Generalized Galitskii approach for the vertex function of a Fermi gas with resonant interaction

TL;DR

This paper extends the Galitskii approach to derive the two-particle vertex function for a resonantly interacting Fermi gas, justifying the extrapolation of weakly attractive results into strong coupling and repulsive regimes.

Contribution

It introduces a generalized method for the Bethe-Salpeter equation that accounts for resonant states in Fermi gases, applicable to both normal and condensate phases.

Findings

Vertex function near resonance matches that of weakly attractive Fermi gases.

Supports extrapolation of weak coupling results to strong coupling and repulsive regimes.

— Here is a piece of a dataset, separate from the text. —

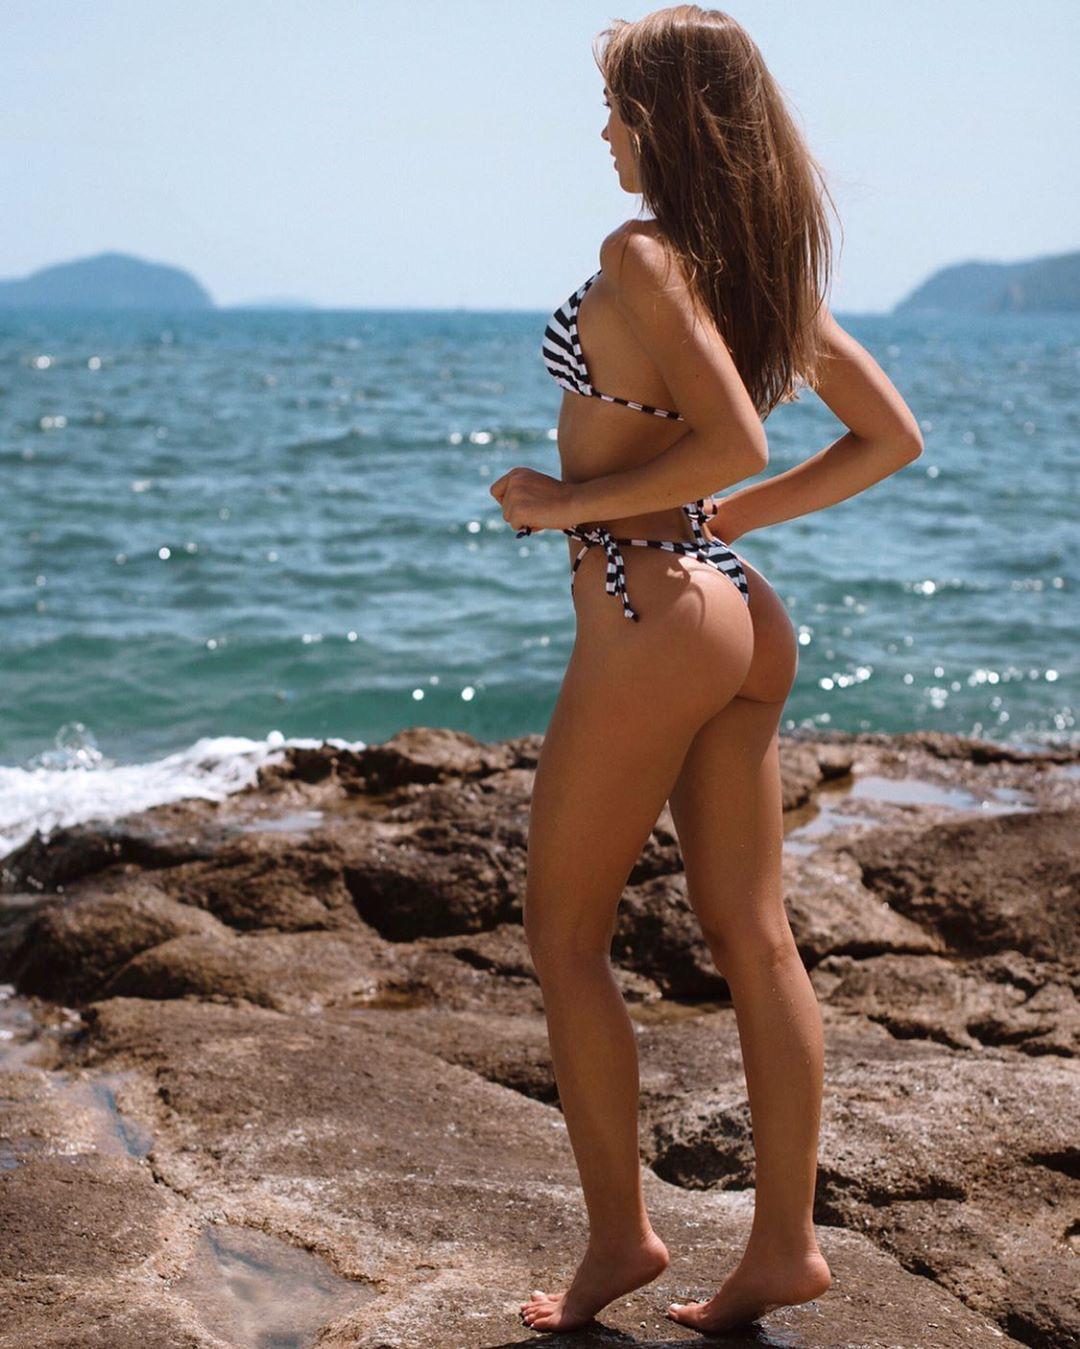 Galina Dub bikini swimwear matching ideas for girls, girls photography

Provides a unified framework for resonant Fermi systems.

Abstract

We present a generalized Galitskii approach for the Bethe-Salpeter equation for the two-particle vertex function of a Fermi system with resonant interaction by accounting for the resonant state in the scattering potential and utilizing the universal form of the resonant scattering amplitude. The procedure can be carried out both for the normal as well as for the condensate state. In both cases, the vertex function in the vicinity of the resonance is shown to formally coincide with that obtained for a weakly attractive Fermi gas. Thus we justify the popular calculational framework in which results for the weakly attractive Fermi gas are formally extrapolated into the domain of strong coupling, and further to the repulsive side of the resonance, where molecular states are formed.